I was just wondering whether it was too late to turn back and ask Nilsson if we could do this another time, when he stopped at a steel door with two small glass windows and pushed it open. White-hatted heads turned, their faces registering polite surprise as they saw me standing behind Nilsson.


Hej, alla
!
” Nilsson said, followed by something else in Swedish. He turned to me. “I’m sorry, all of the deck and hospitality staff speak English but not all the cooks do. I’m just explaining why we’re here.”

There were smiles and nods from the staff, and one of the chefs came forward, his hand stuck out.

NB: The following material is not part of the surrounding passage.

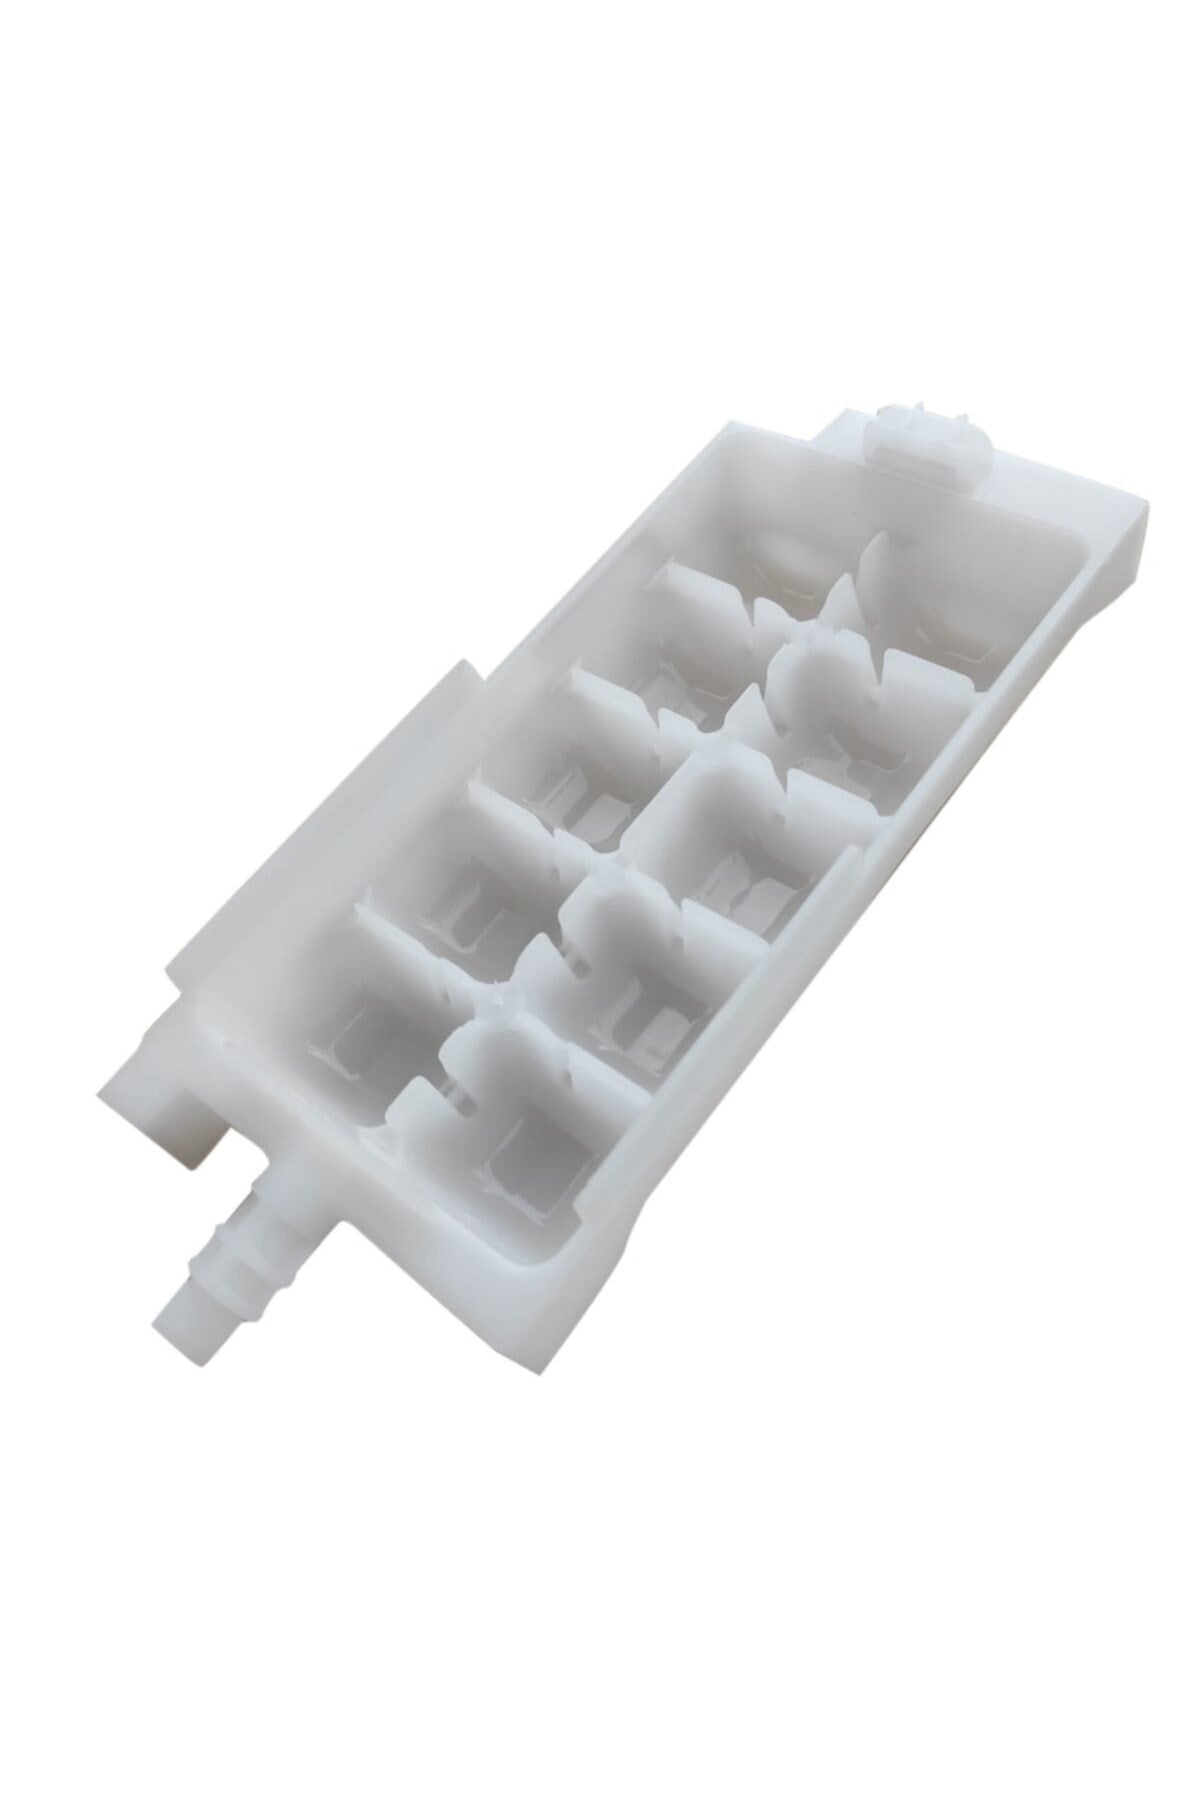 Fridge Freezer Ice Maker Cube Tray For Beko, Arcelik, Blomberg

“Hello, Miss Blacklock,” he said, in excellent English. “My name is Otto Jansson. Any of my staff will be pleased to help, although they do not all speak good English. I can translate. What do you need to know?”

But I couldn’t speak. I could only gulp, staring down at his outstretched hand, in the pale latex catering glove, while the blood hissed in my ears.

I looked up, into his friendly blue eyes, and then back down at the latex glove, with dark hairs showing through, pressed against the rubber, and thought,
I must not scream. I must not scream.

Please God, don’t let me scream.

Jansson looked down at his hand, as if to see what I was gaping at, and then laughed, and pulled the glove off with his other hand.

“So sorry, I forget I am wearing these. They are for catering, you know?”

He threw the pale flaccid glove into the bin and then shook my limp, unresisting hand; his grip was firm, his fingers warm and slightly dusty from the latex coating.